» Exercise aim
This exercise requires an exact output of the listing, images omitted.

» Data segment
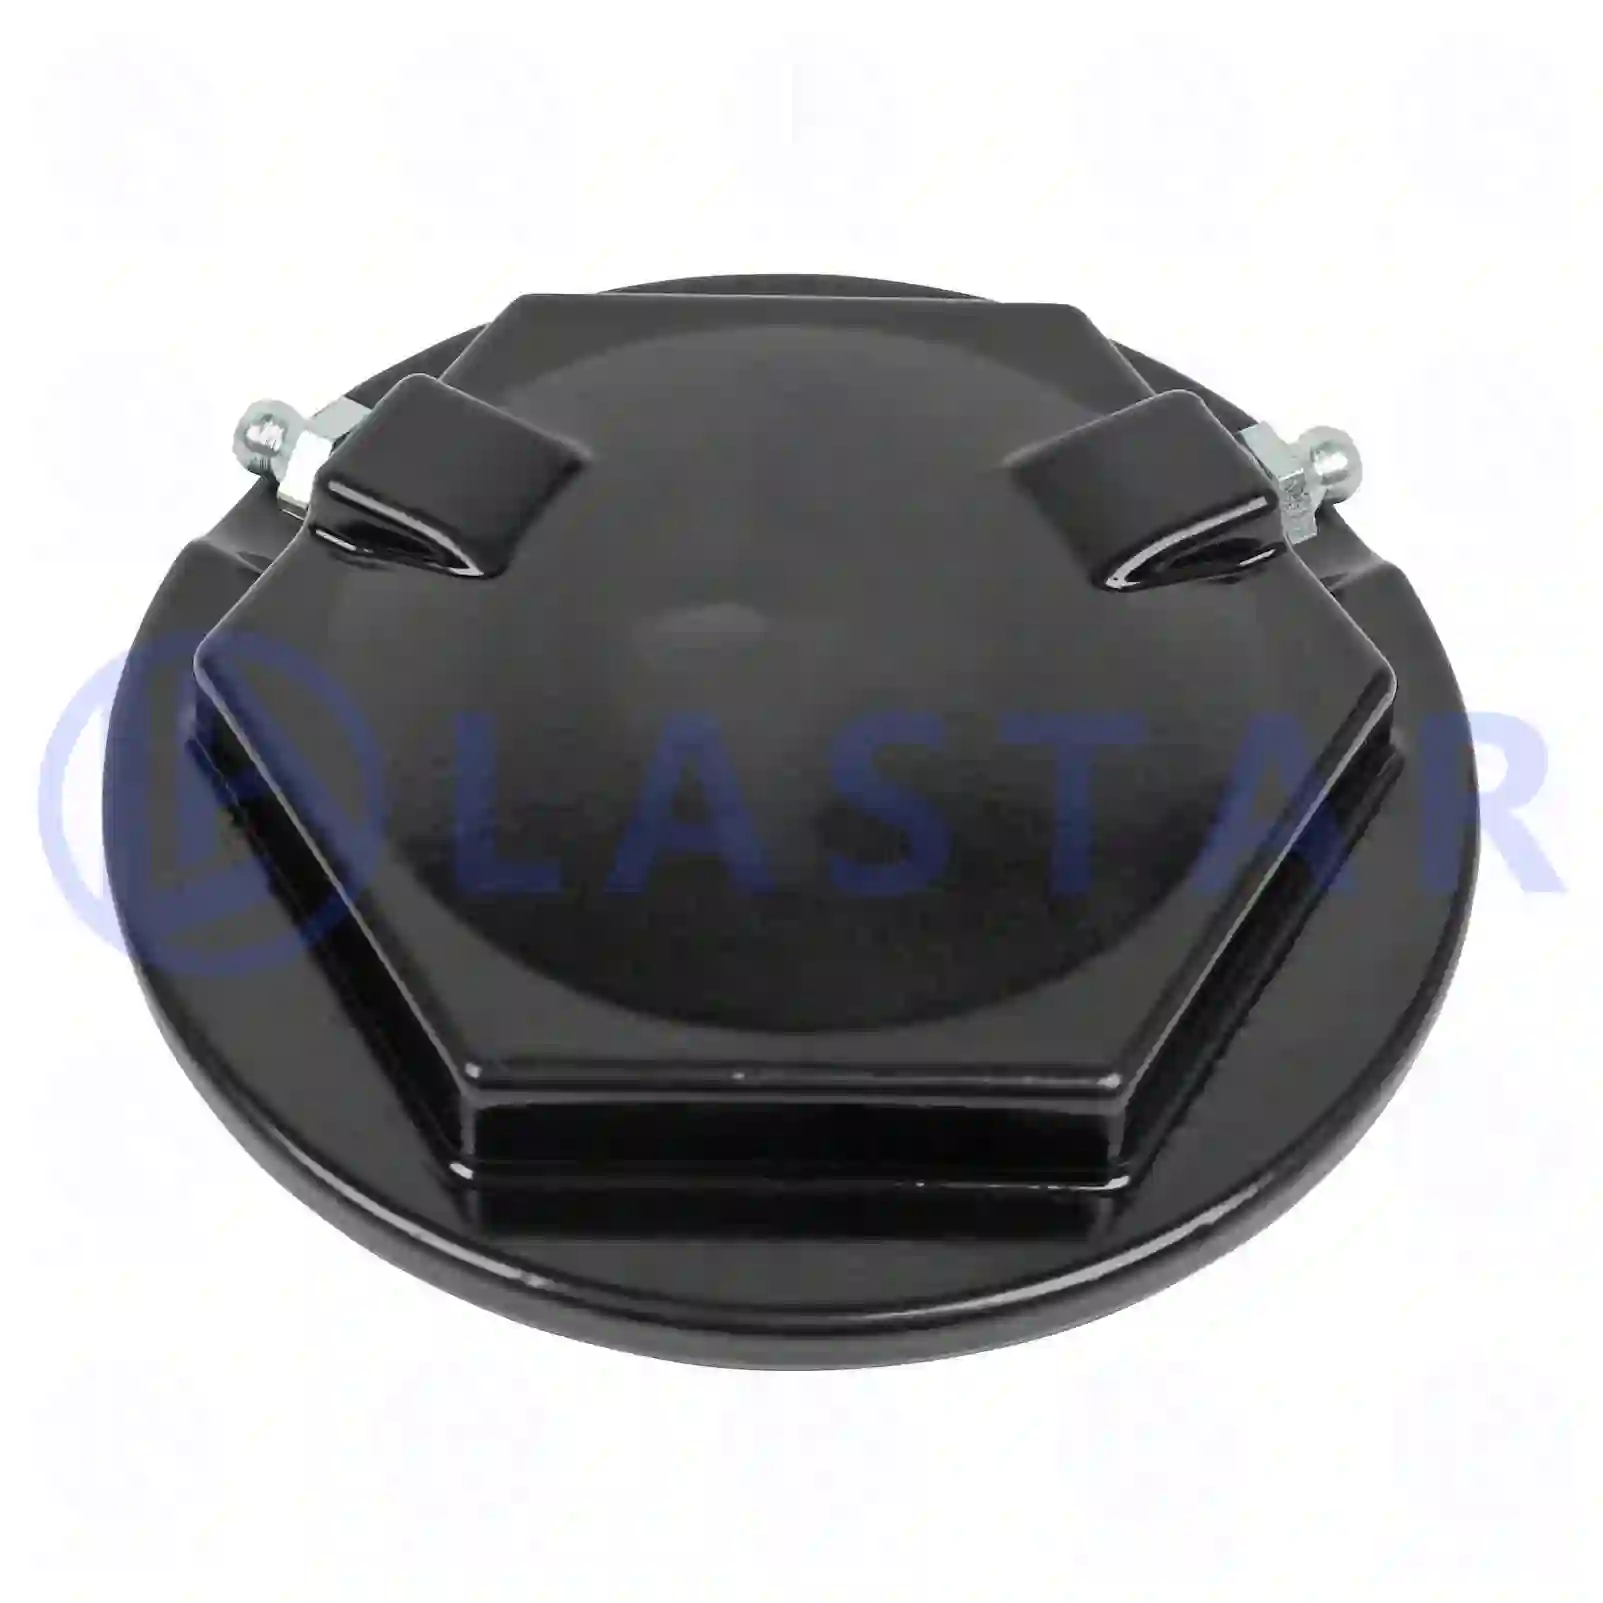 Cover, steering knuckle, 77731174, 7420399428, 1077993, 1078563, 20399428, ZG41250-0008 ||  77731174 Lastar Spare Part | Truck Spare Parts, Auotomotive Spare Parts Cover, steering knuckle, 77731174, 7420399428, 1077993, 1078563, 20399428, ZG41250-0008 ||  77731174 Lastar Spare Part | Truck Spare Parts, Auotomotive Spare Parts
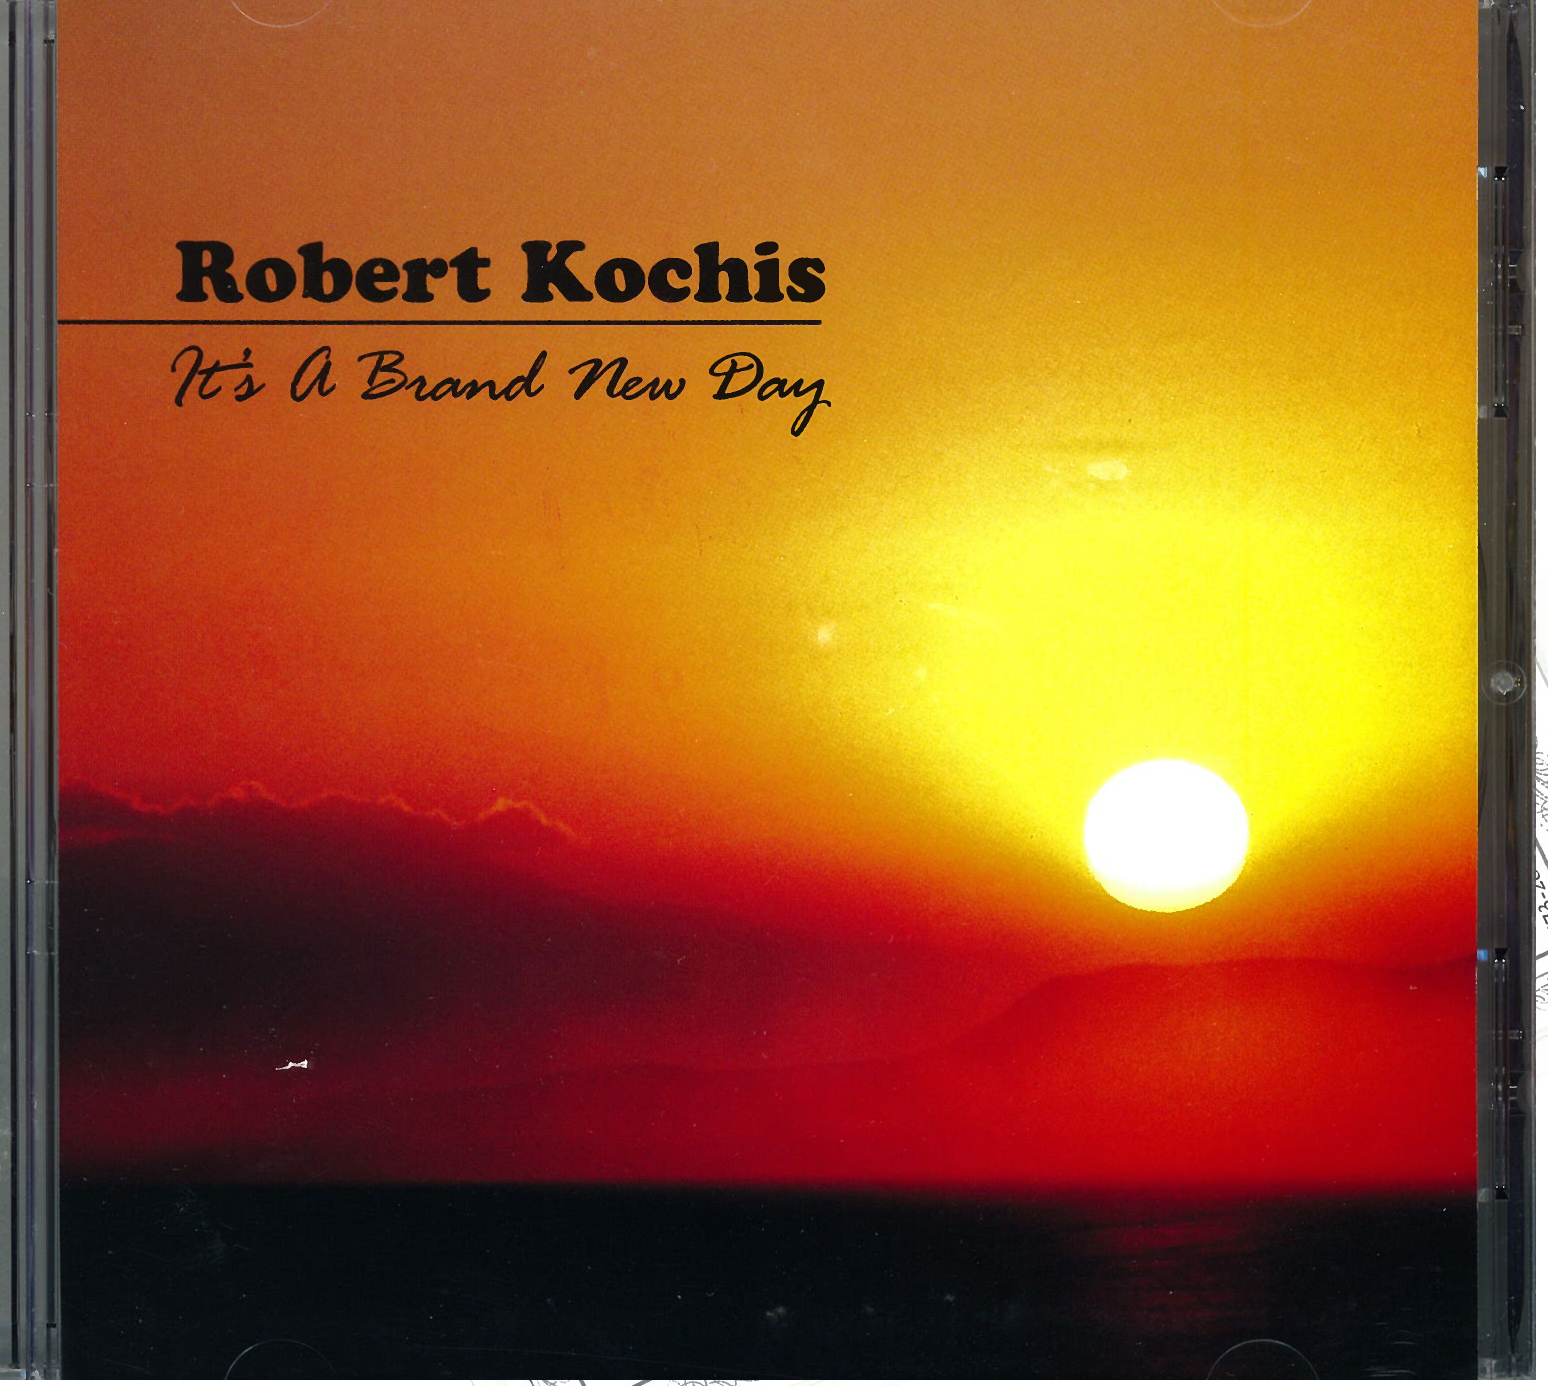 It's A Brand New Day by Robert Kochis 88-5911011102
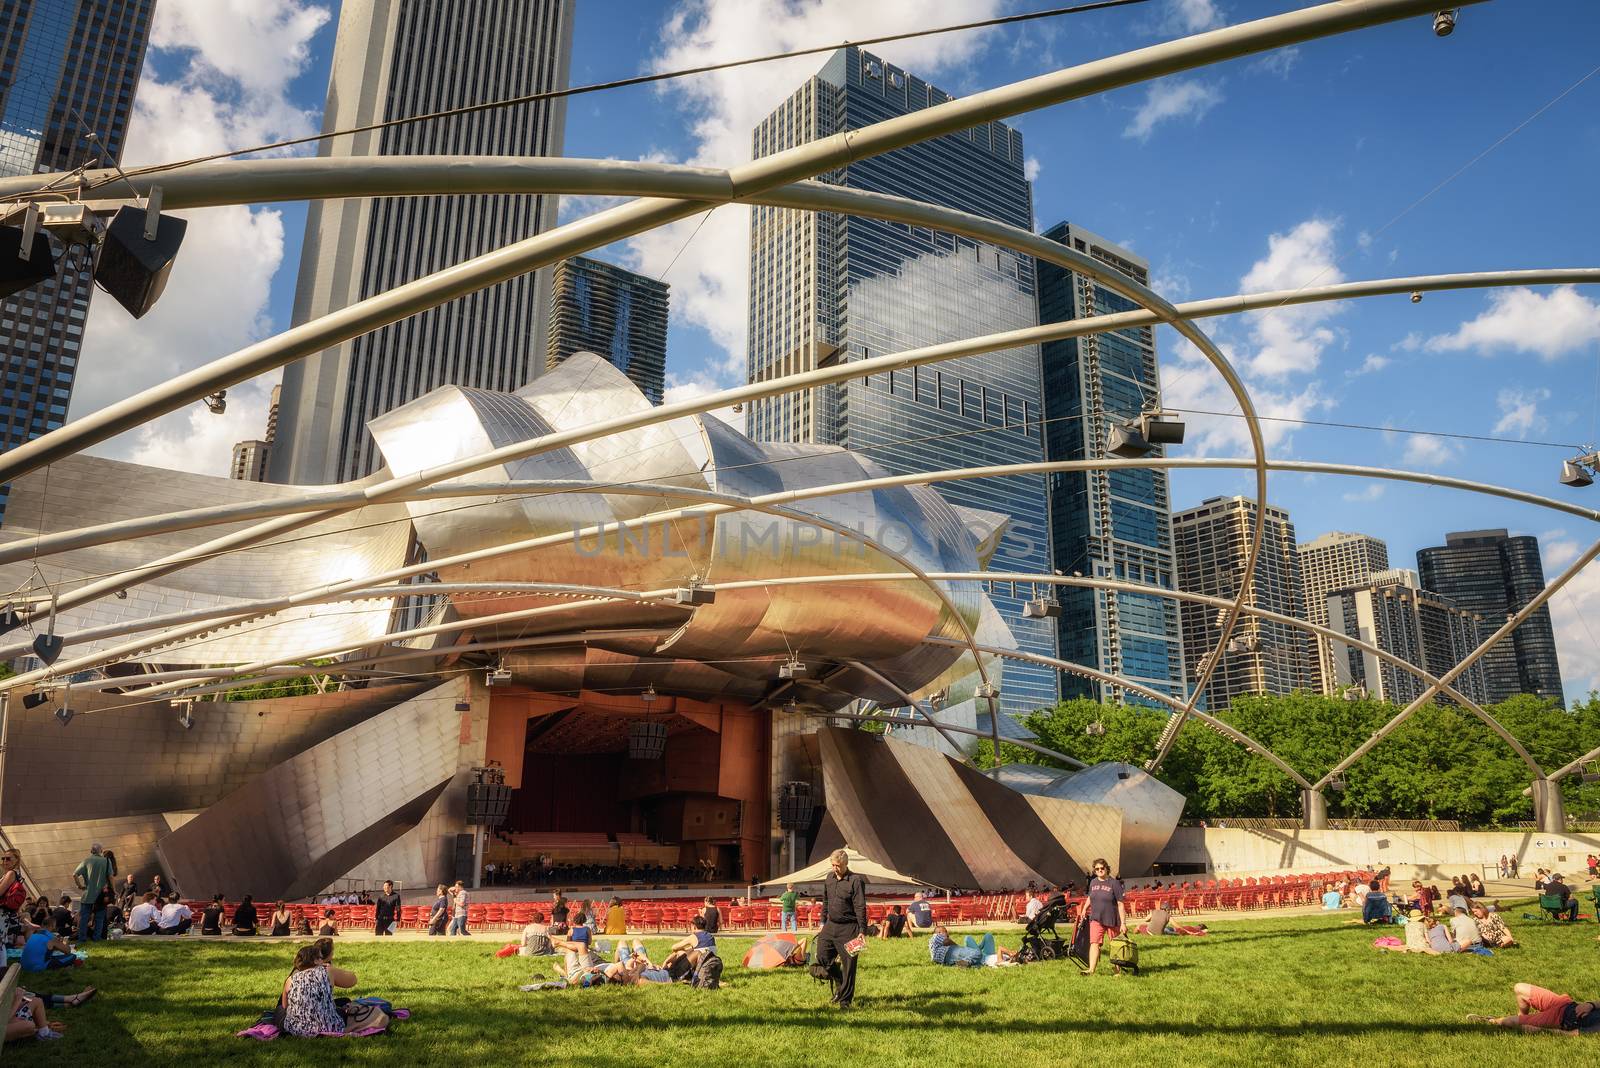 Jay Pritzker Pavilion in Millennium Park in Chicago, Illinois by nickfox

» Solution below
 Cover, steering knuckle, 77731174, 7420399428, 1077993, 1078563, 20399428, ZG41250-0008 ||  77731174 Lastar Spare Part | Truck Spare Parts, Auotomotive Spare Parts Cover, steering knuckle, 77731174, 7420399428, 1077993, 1078563, 20399428, ZG41250-0008 ||  77731174 Lastar Spare Part | Truck Spare Parts, Auotomotive Spare Parts
 It's A Brand New Day by Robert Kochis 88-5911011102
 Jay Pritzker Pavilion in Millennium Park in Chicago, Illinois by nickfox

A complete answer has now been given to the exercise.